Segment Start: DATASET EXTRACT

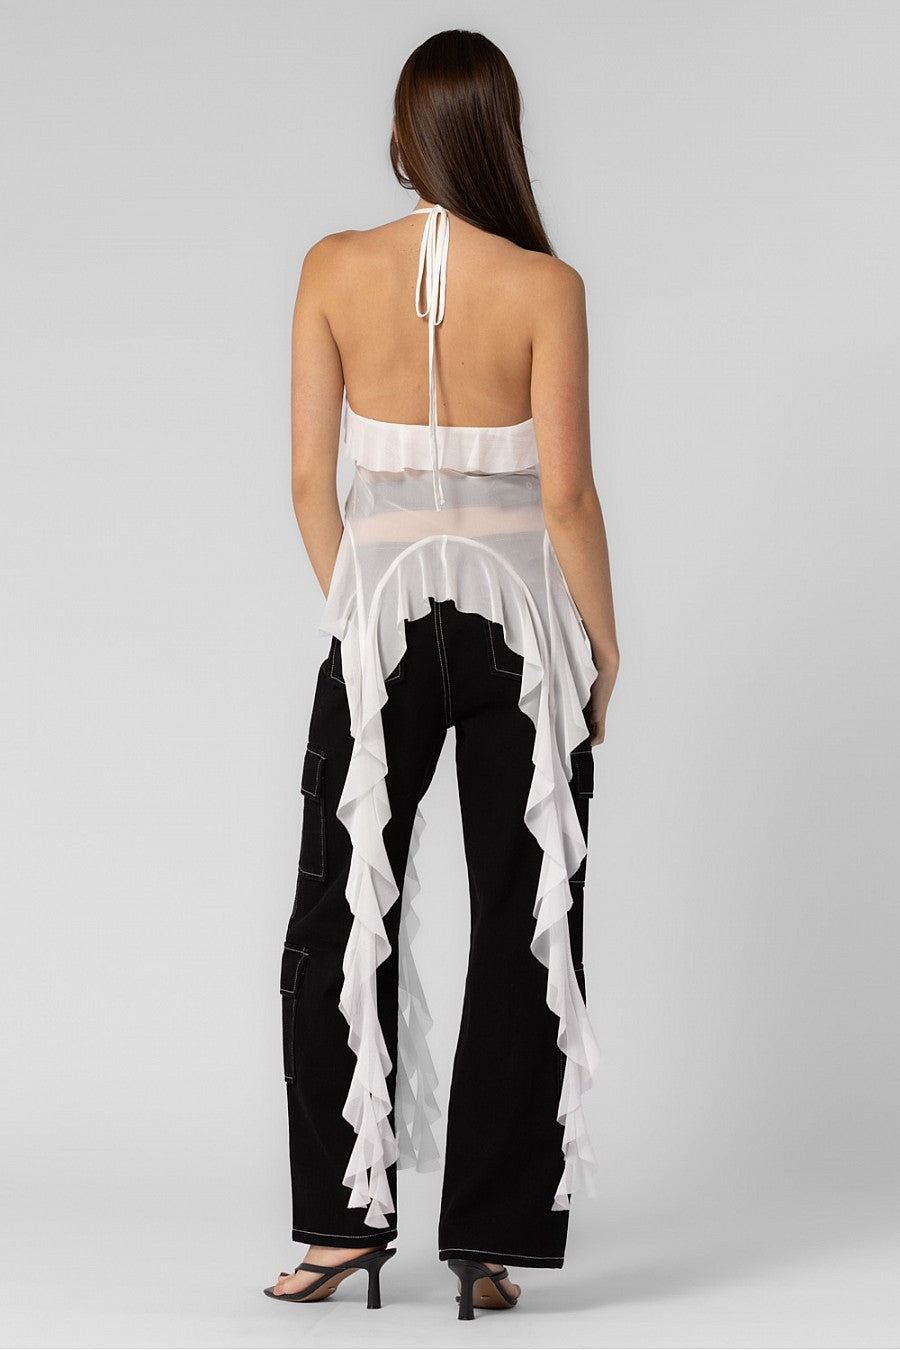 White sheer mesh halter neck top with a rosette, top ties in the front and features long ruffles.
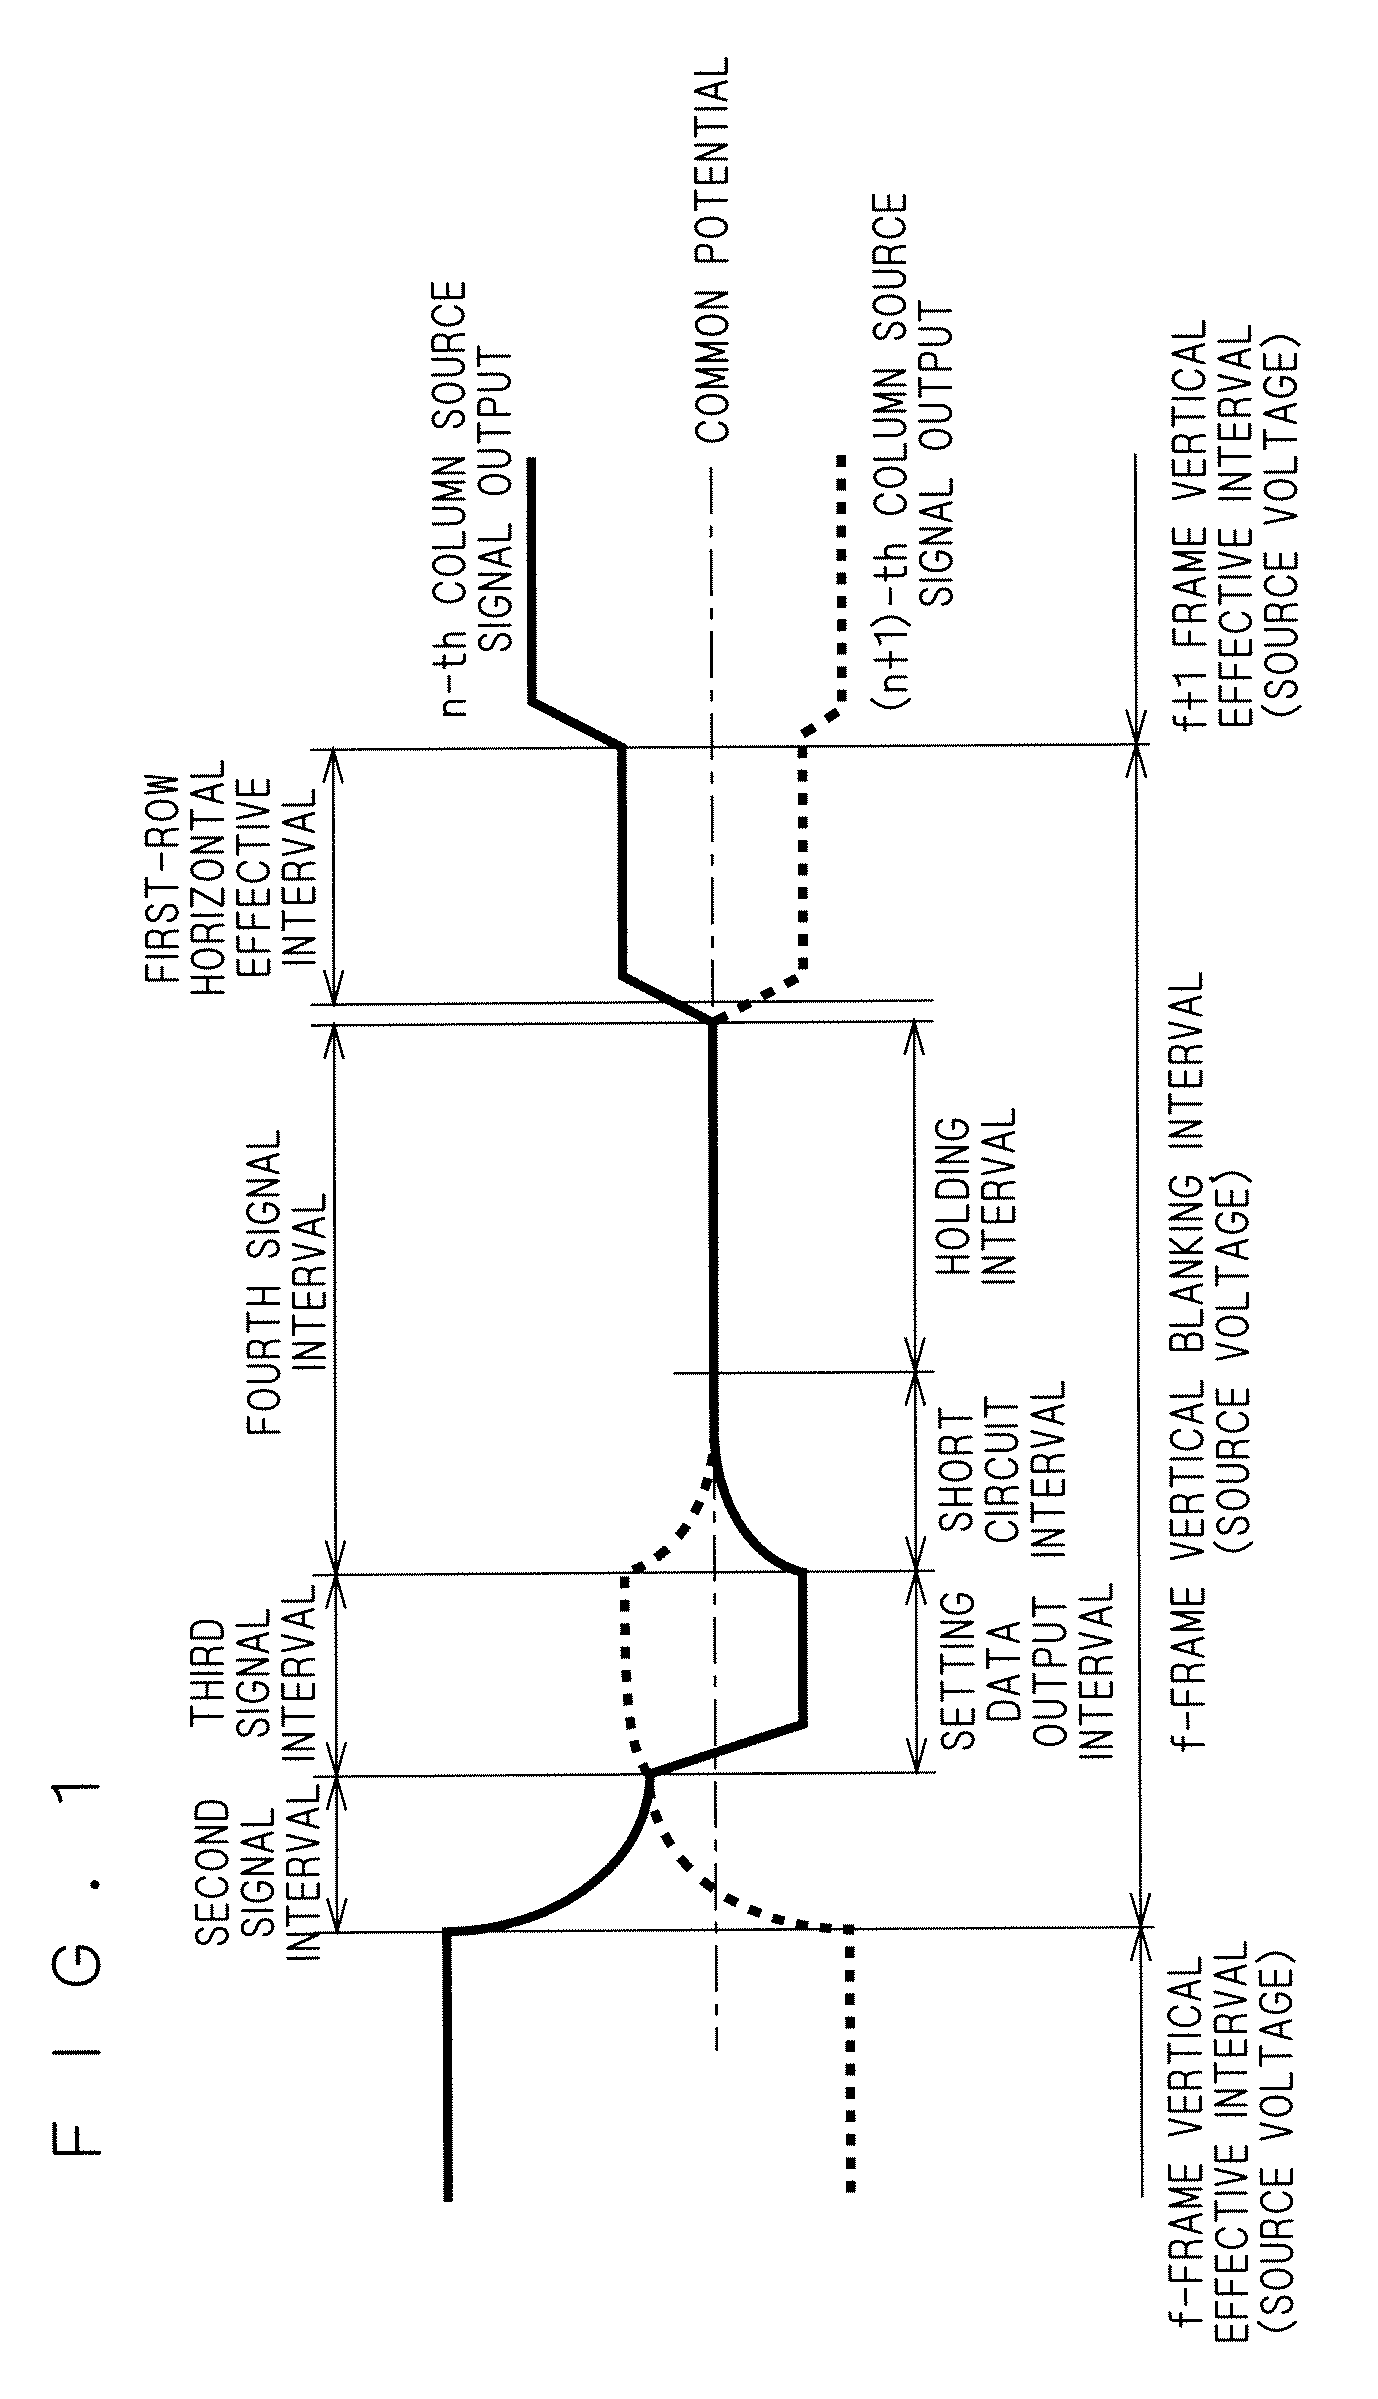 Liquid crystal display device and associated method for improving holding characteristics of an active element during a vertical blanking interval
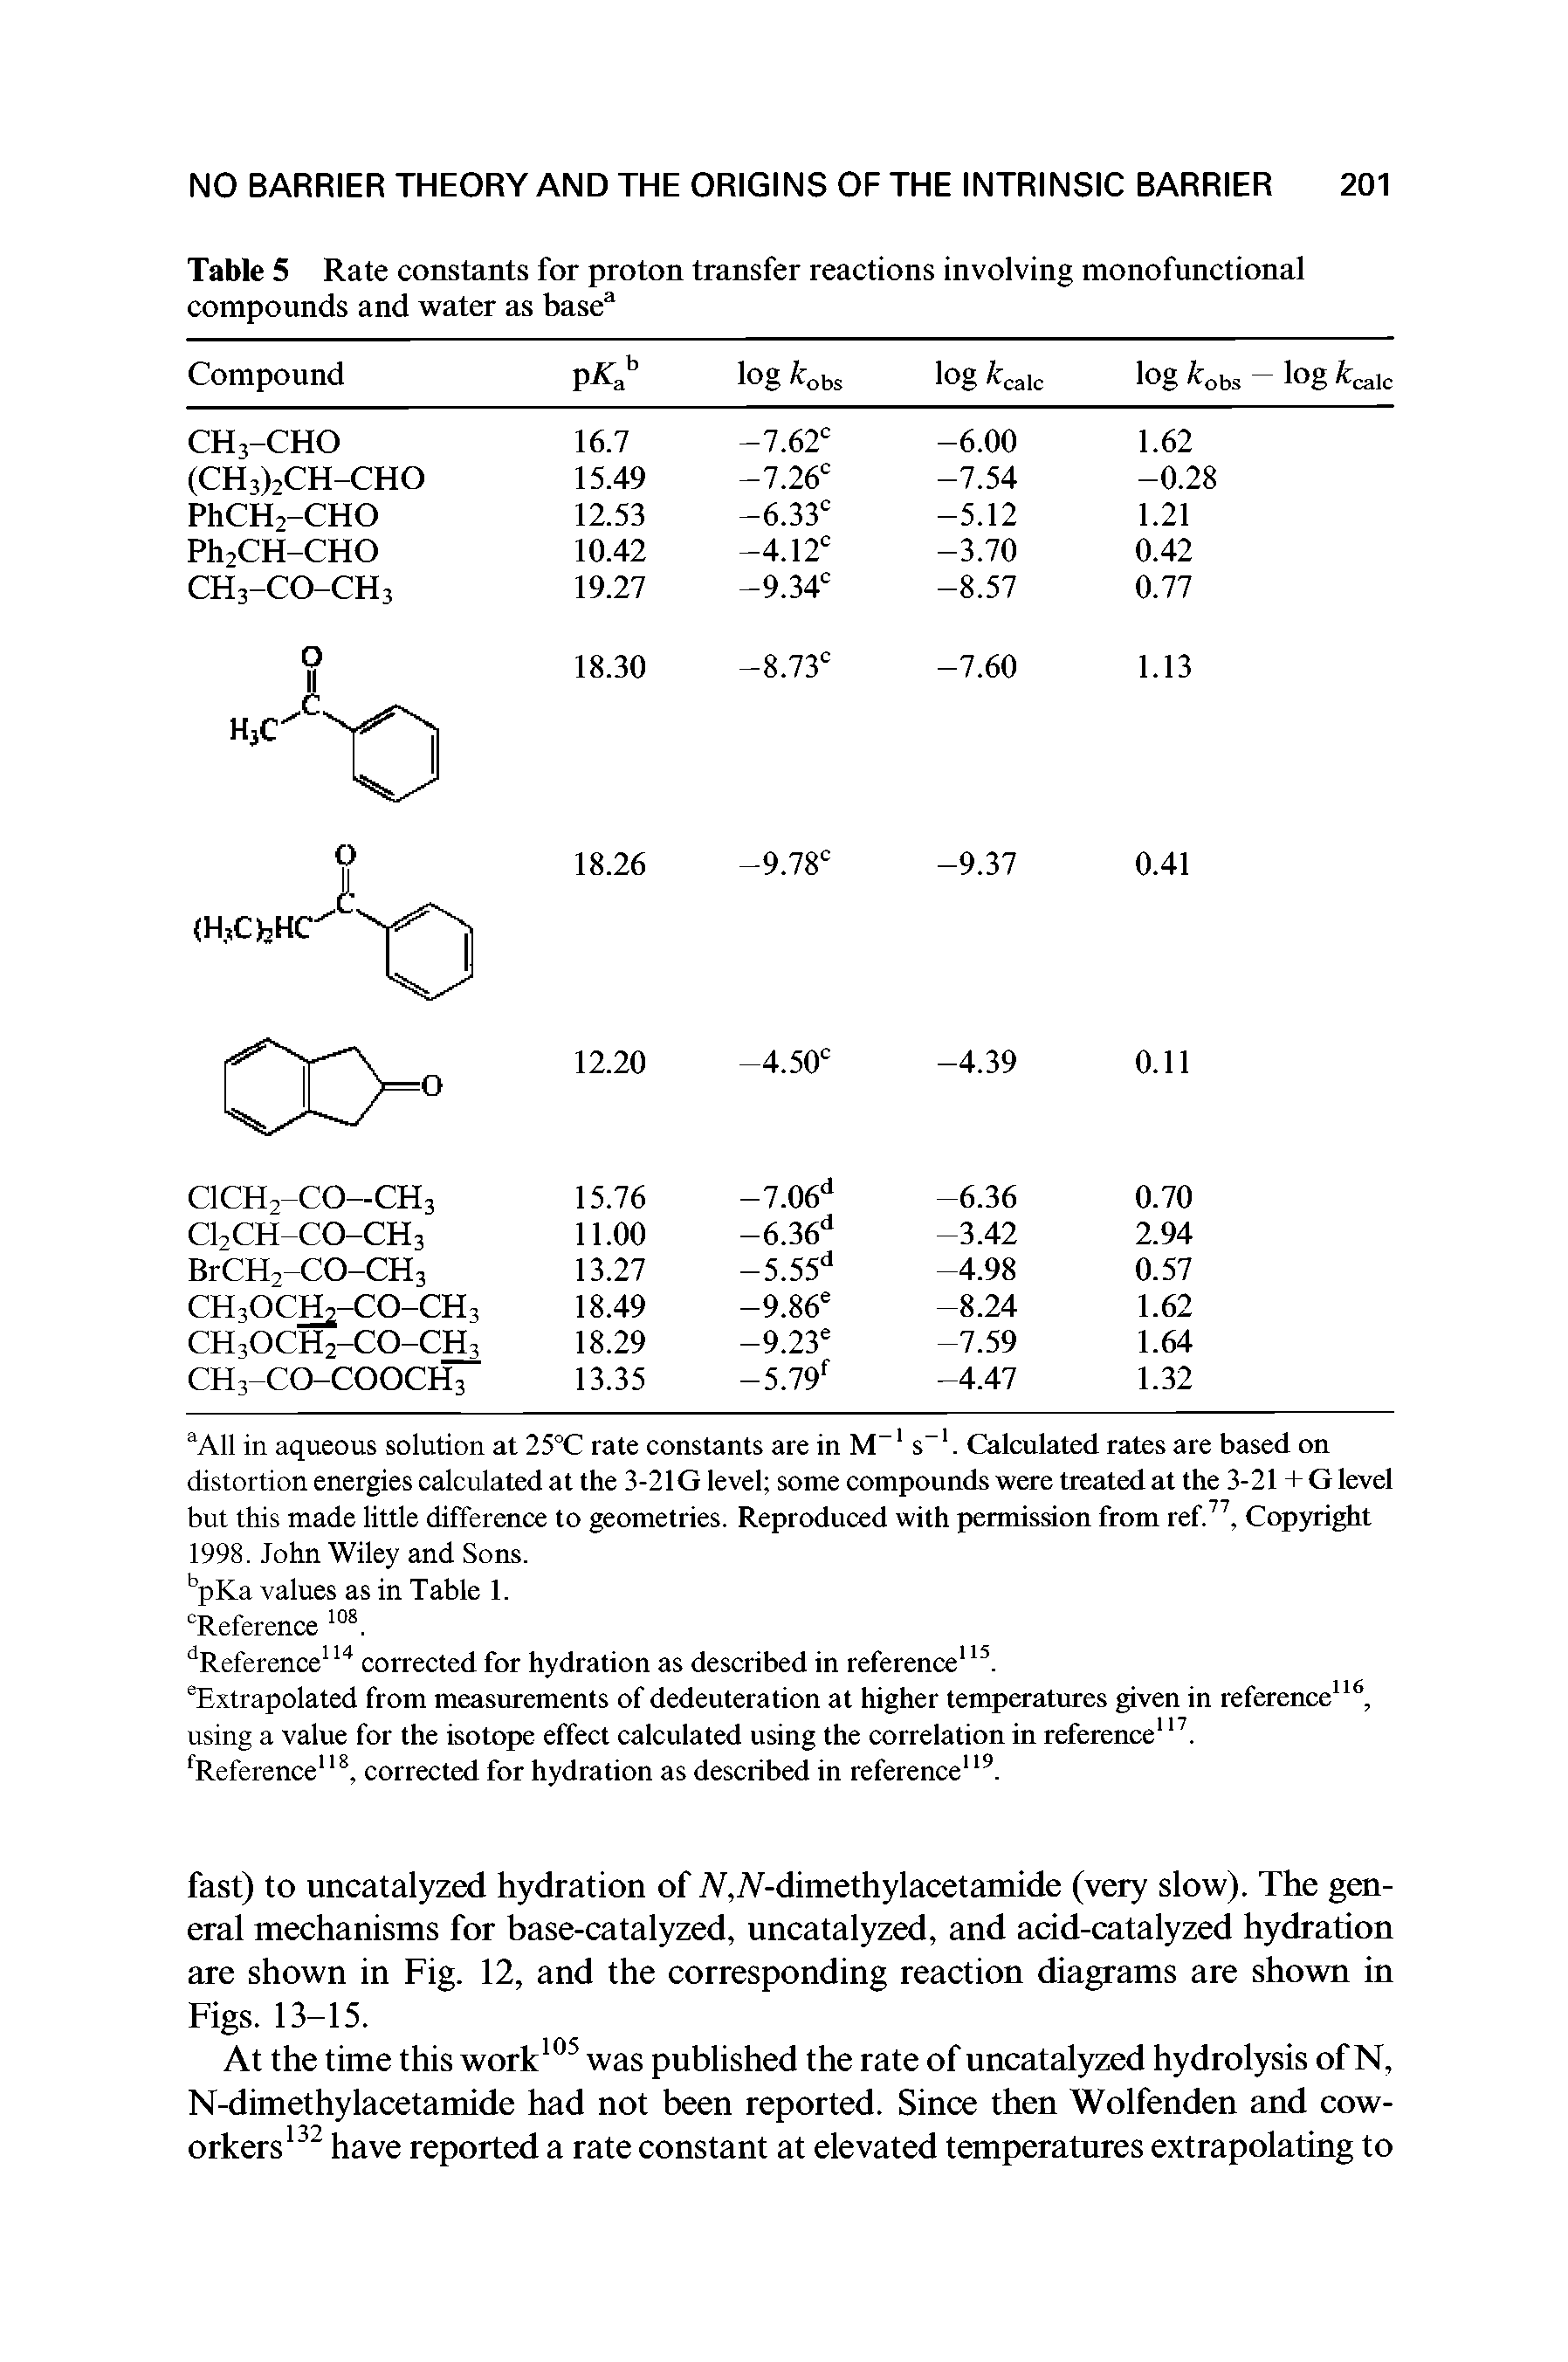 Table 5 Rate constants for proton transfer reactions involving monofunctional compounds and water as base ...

Segment End: DATASET EXTRACT

WORK INSTRUCTION: Repeat the data above exactly, leaving out any pictures it holds.

EXERCISE OUTPUT:
 White sheer mesh halter neck top with a rosette, top ties in the front and features long ruffles.
 Liquid crystal display device and associated method for improving holding characteristics of an active element during a vertical blanking interval
 Table 5 Rate constants for proton transfer reactions involving monofunctional compounds and water as base ...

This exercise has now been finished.